**Exercise input:**
◇ ◇ ◇

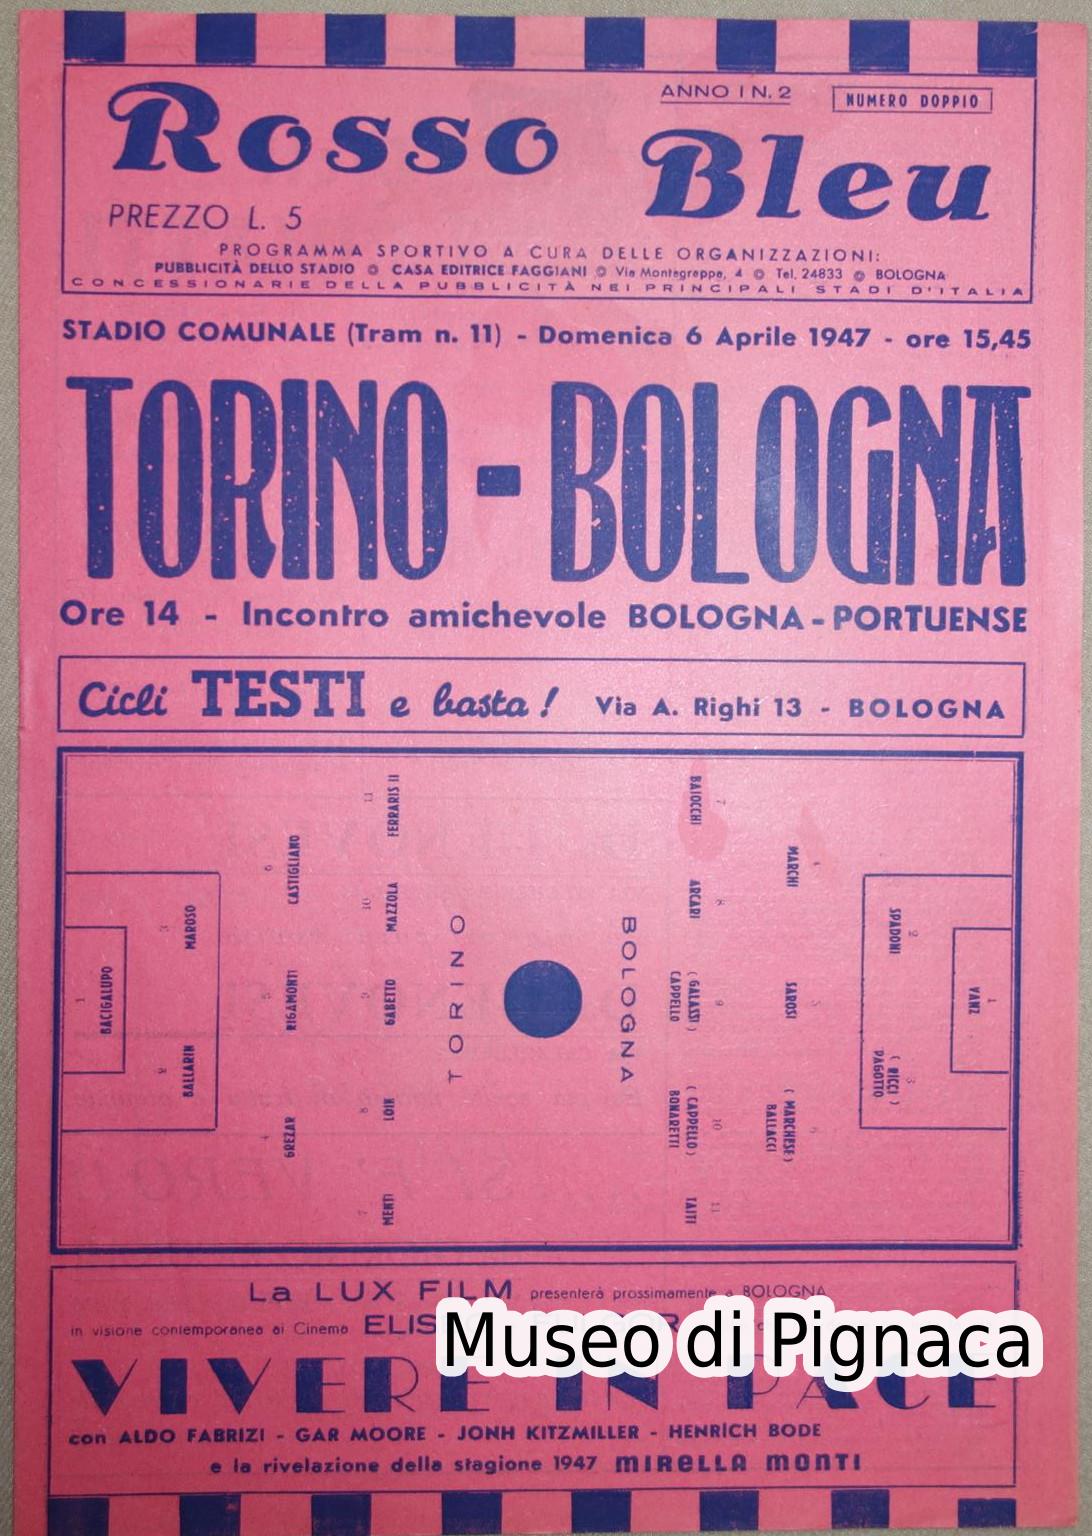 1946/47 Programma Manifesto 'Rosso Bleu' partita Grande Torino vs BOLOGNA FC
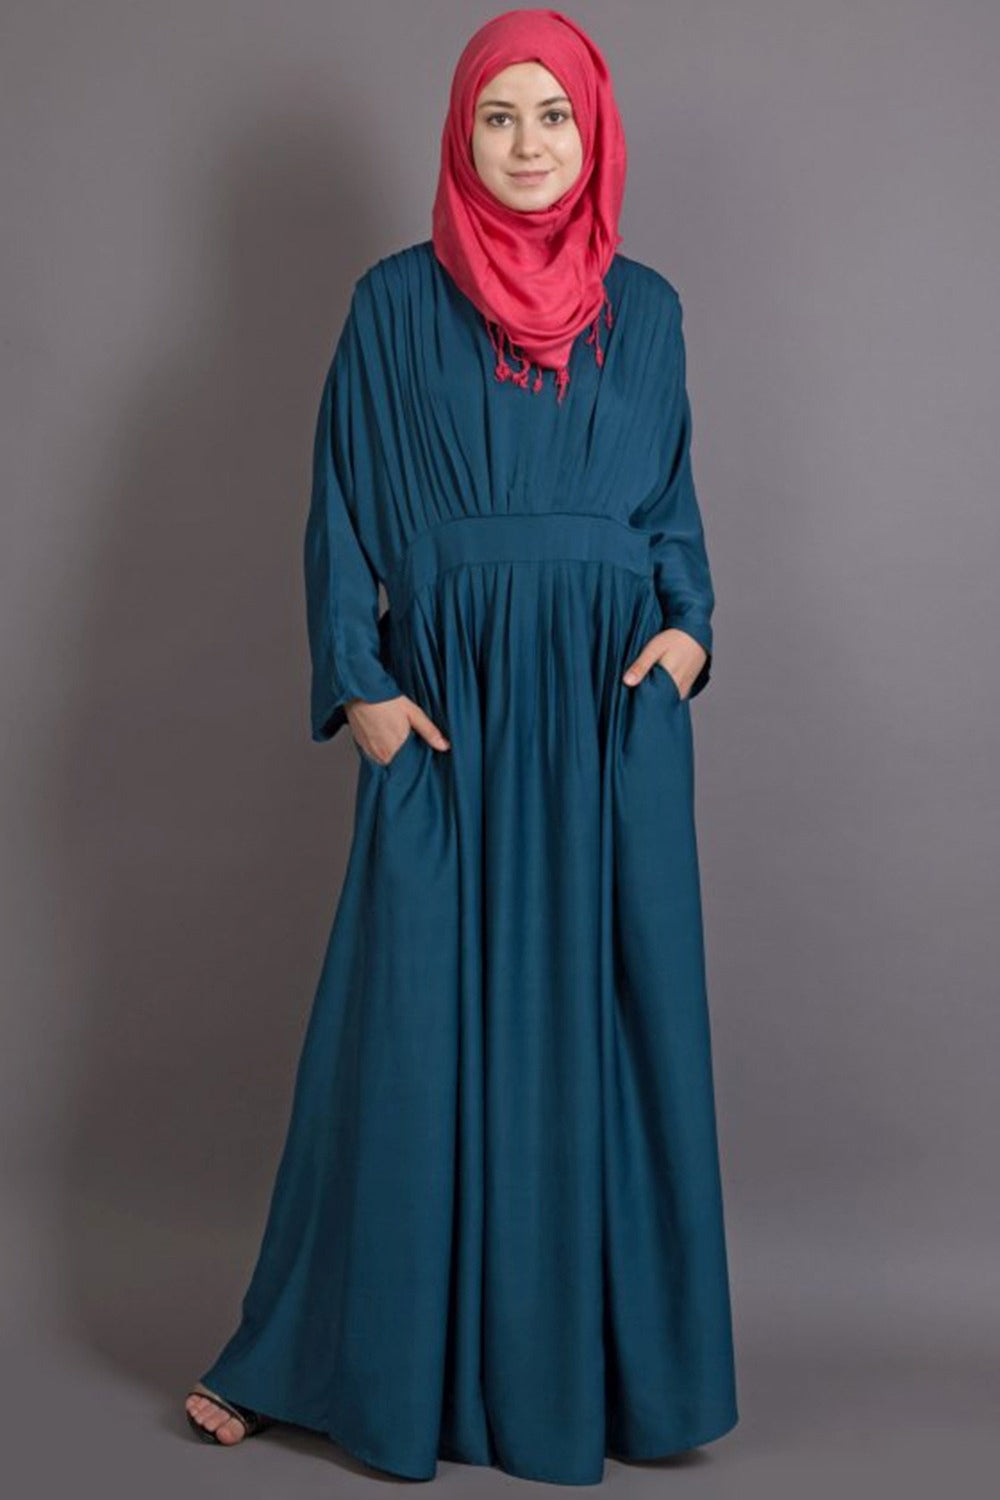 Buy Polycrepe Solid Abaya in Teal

◇ ◇ ◇

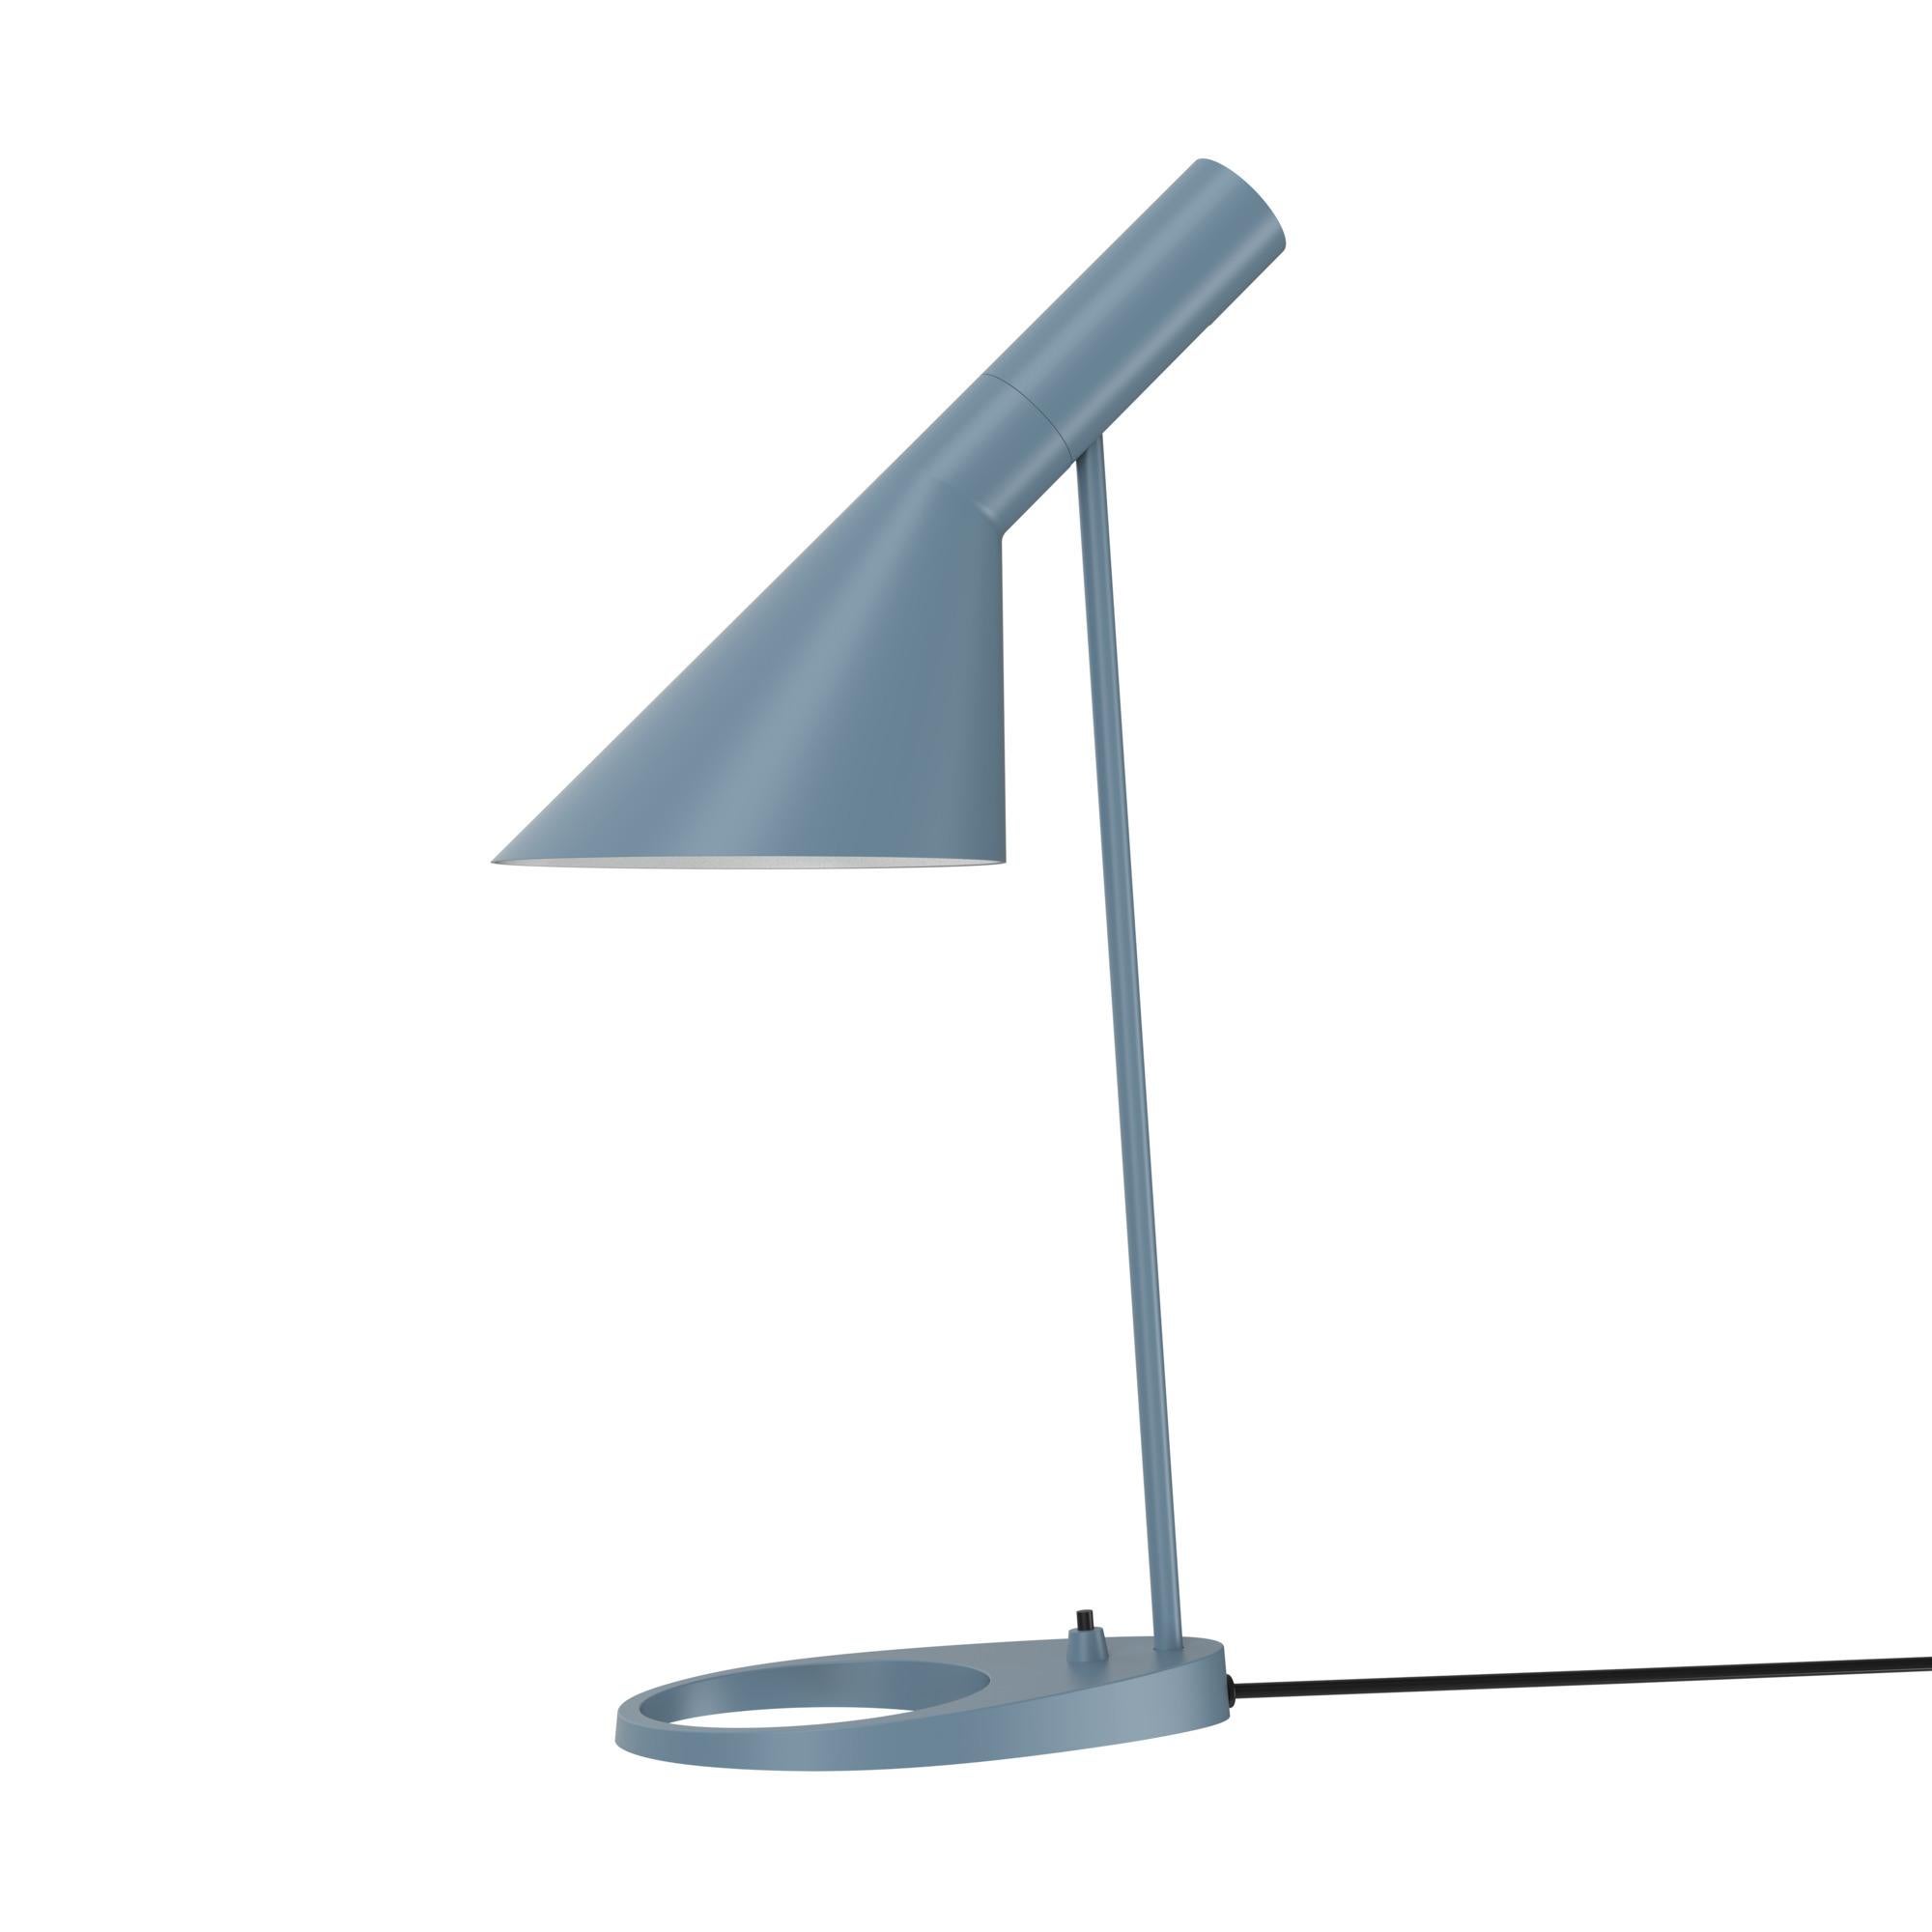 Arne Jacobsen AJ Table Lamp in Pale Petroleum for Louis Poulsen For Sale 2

◇ ◇ ◇

Using the data above, copy exactly the lines from the one containing "1946/47 Programma Manifesto" to the one containing "Buy Polycrepe Solid Abaya in Teal", inclusive. Exclude the pictures.

**Final answer:**
 1946/47 Programma Manifesto 'Rosso Bleu' partita Grande Torino vs BOLOGNA FC
 Buy Polycrepe Solid Abaya in Teal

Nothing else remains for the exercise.